When you restate the data, keep every word as it is and drop the images.

##### Available data

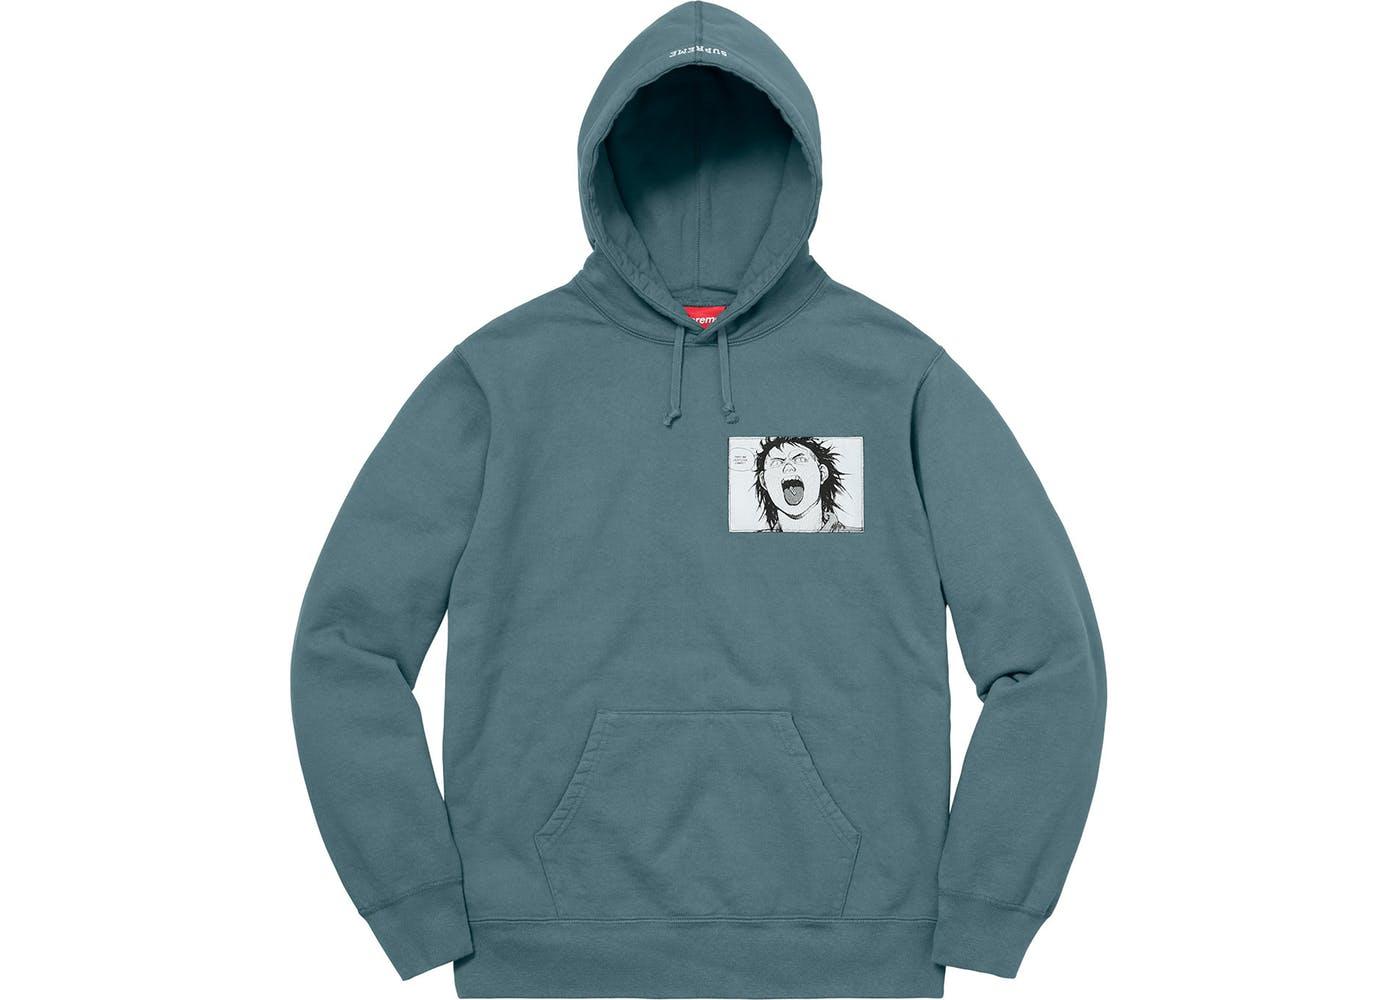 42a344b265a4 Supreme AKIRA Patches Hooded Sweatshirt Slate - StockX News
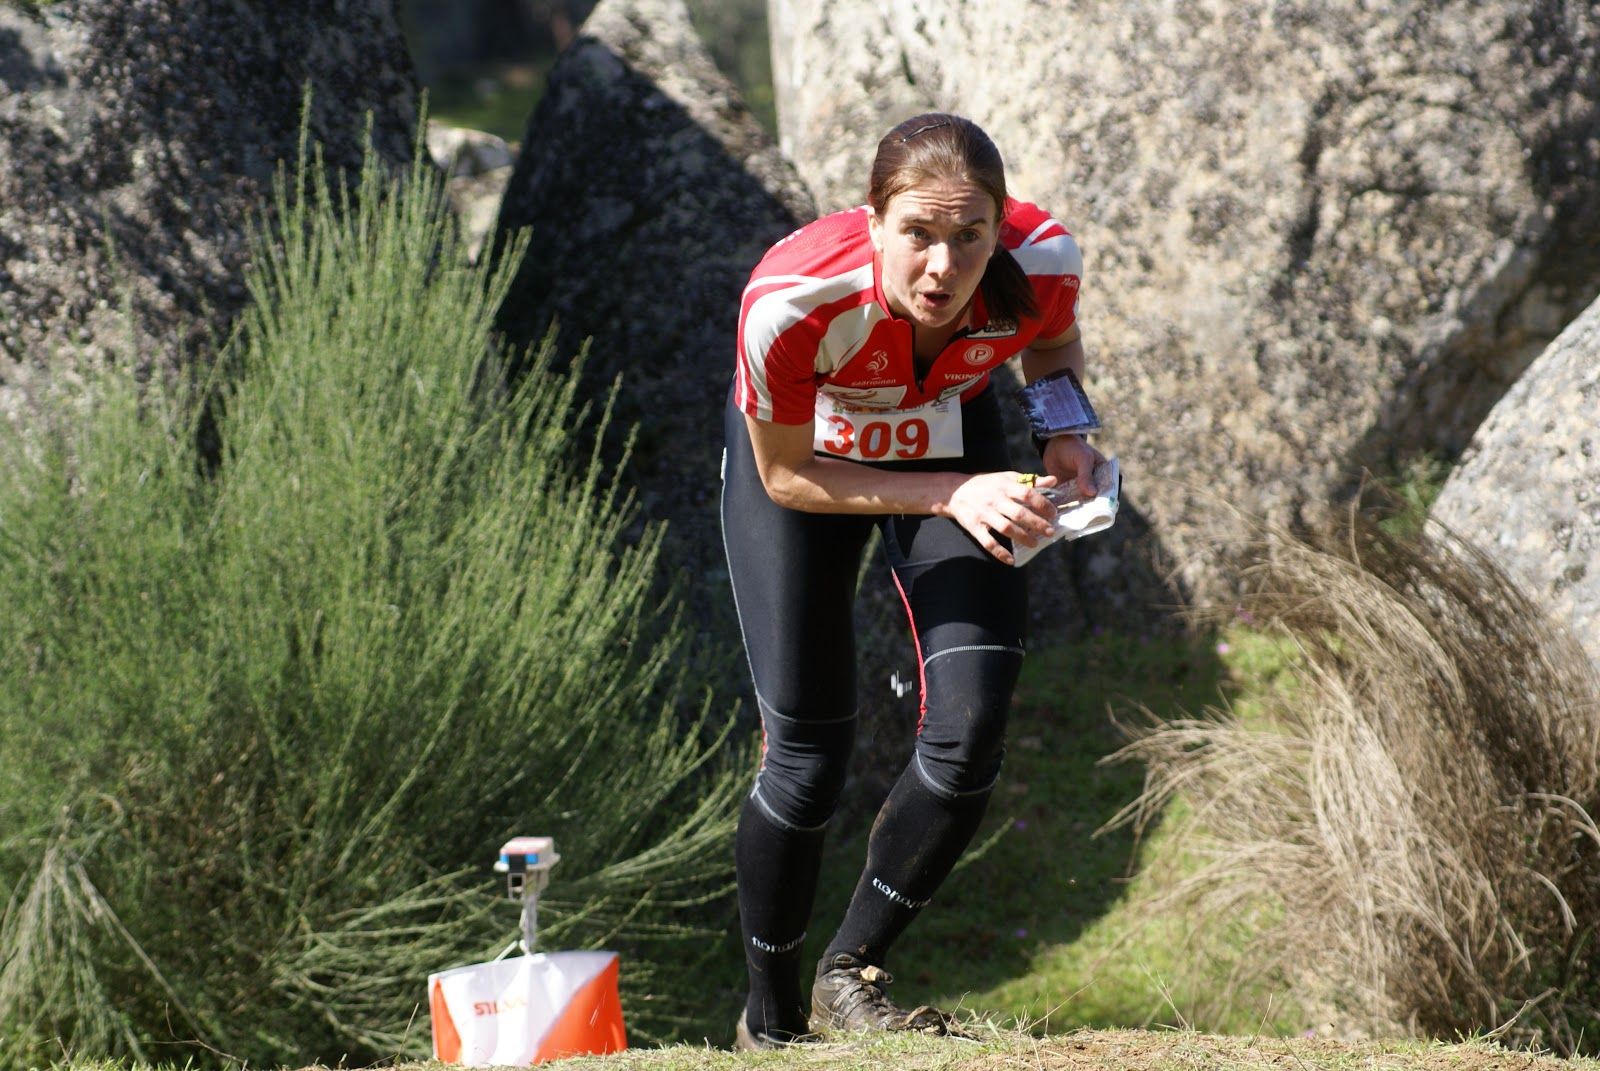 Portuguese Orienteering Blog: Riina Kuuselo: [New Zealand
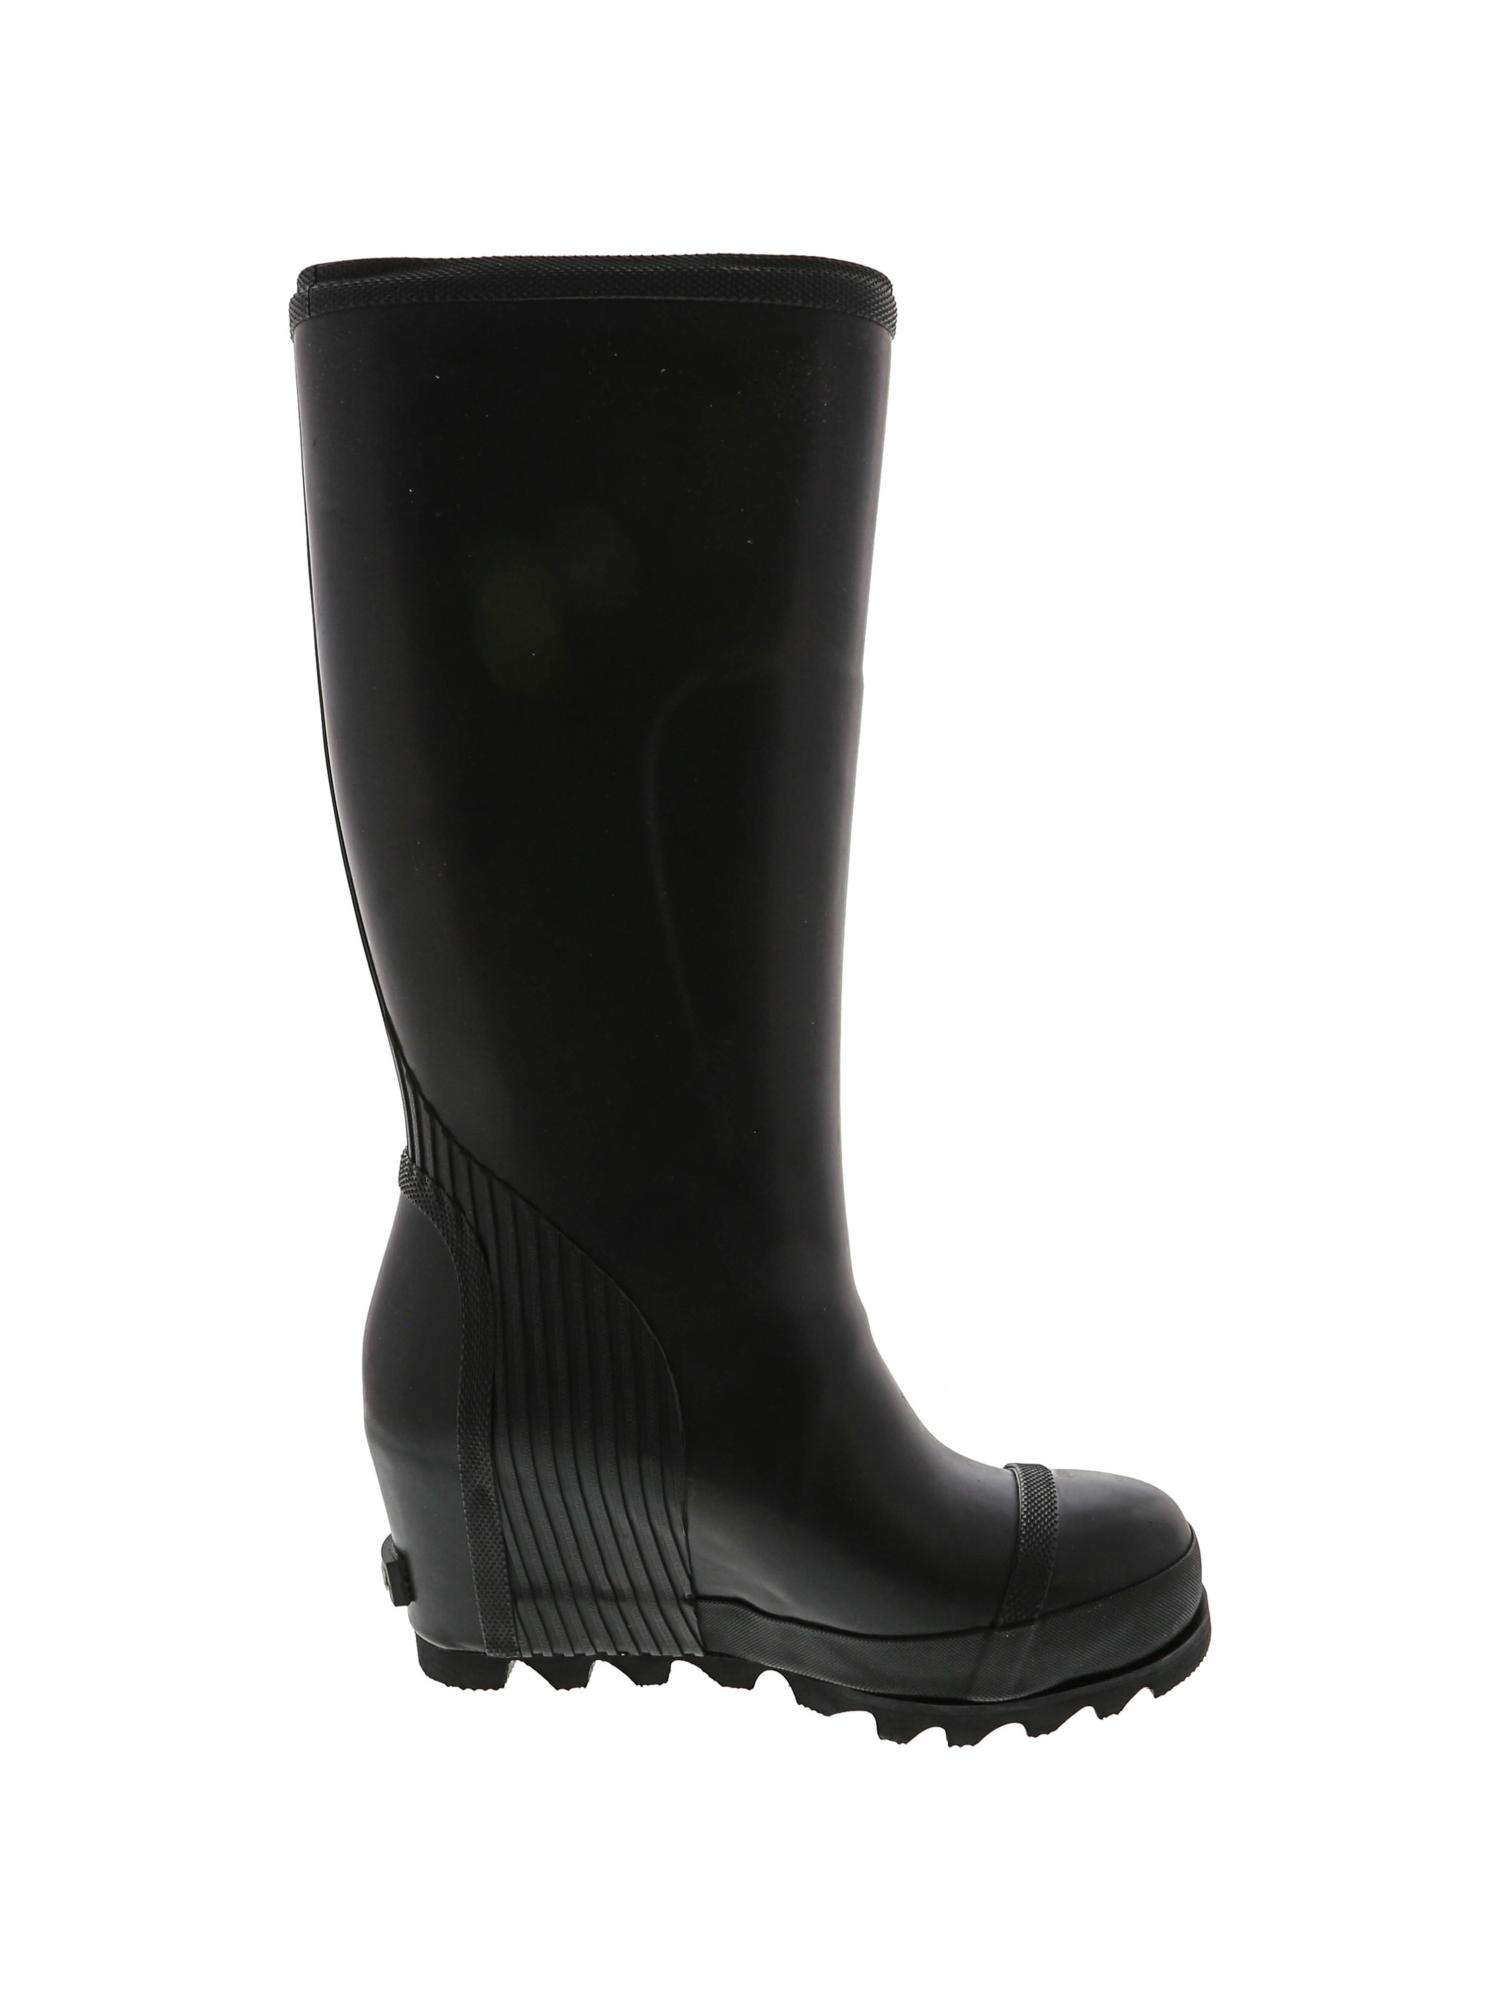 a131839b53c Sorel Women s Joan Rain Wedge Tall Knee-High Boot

##########

> **Answer area**:
 42a344b265a4 Supreme AKIRA Patches Hooded Sweatshirt Slate - StockX News
 Portuguese Orienteering Blog: Riina Kuuselo: [New Zealand
 a131839b53c Sorel Women s Joan Rain Wedge Tall Knee-High Boot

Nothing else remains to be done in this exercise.